The tube of a mercury thermometer has an inside diameter of 0.130 mm. The bulb has a volume of 0.270 cm^3.
How far will the thread of mercury move when the temperature changes from 13.5 ∘C to 32.5 ∘C? Take into account expansion of the Pyrex glass.
To determine how far the thread of mercury will move, we need to consider the expansion of both the mercury and the Pyrex glass.
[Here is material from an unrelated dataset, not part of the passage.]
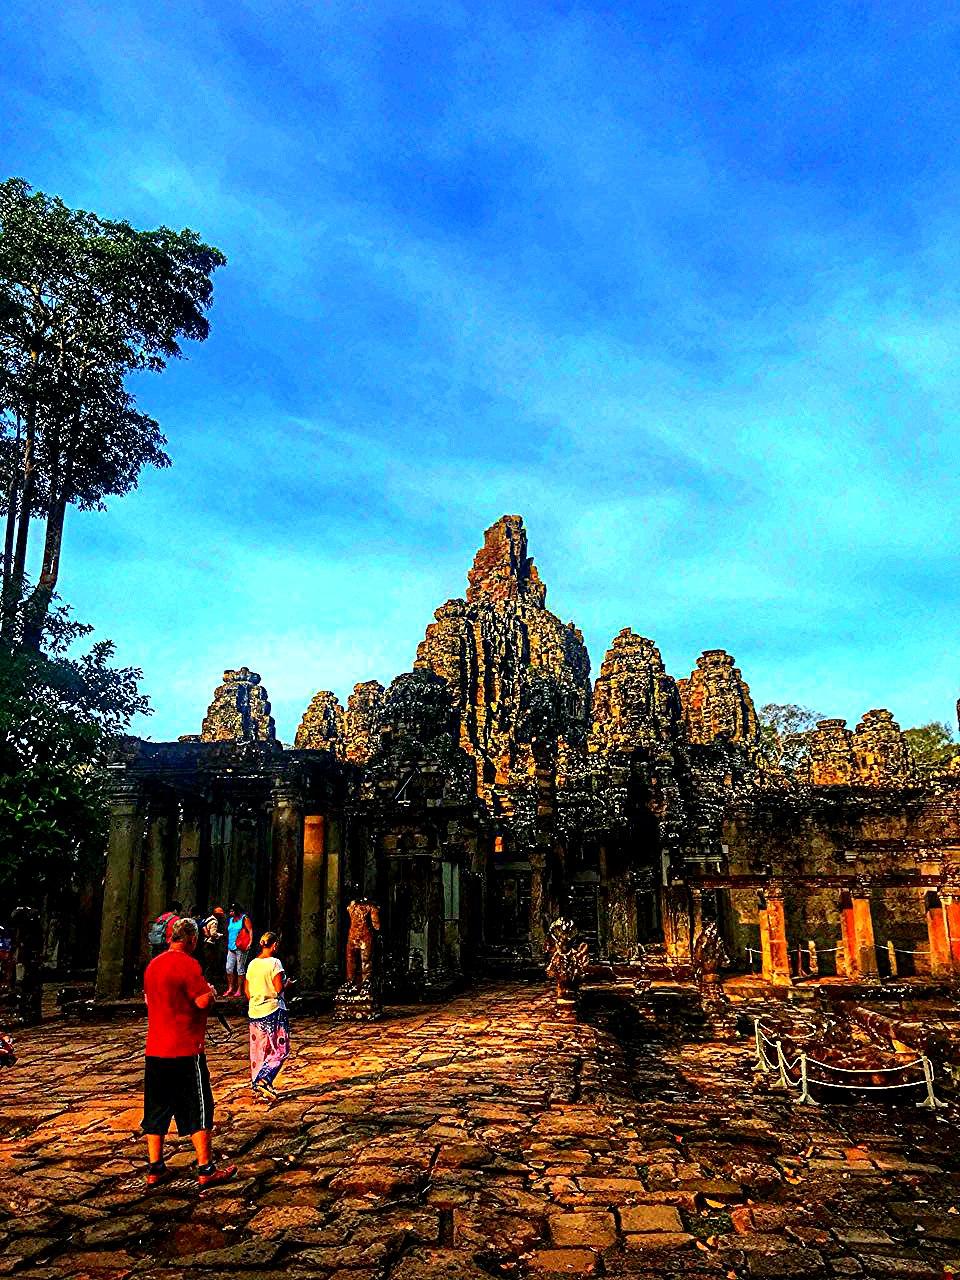 Елена Руденко (Валтея). Камбоджа. Ангкор. YxSCIklEWLs

The expansion of the mercury can be calculated using the coefficient of volume expansion (β) for mercury. The equation for the change in volume (ΔV) of a substance due to a change in temperature (ΔT) is:
ΔV = β * V * ΔT
Where:
- β is the coefficient of volume expansion
- V is the initial volume of the substance
- ΔT is the change in temperature
For mercury, the coefficient of volume expansion (β) is approximately 1.82 x 10^-4 per degree Celsius.
First, we need to calculate the change in volume of the mercury. Since the volume of the bulb is given as 0.270 cm^3, we can consider this as the initial volume (V) of the mercury.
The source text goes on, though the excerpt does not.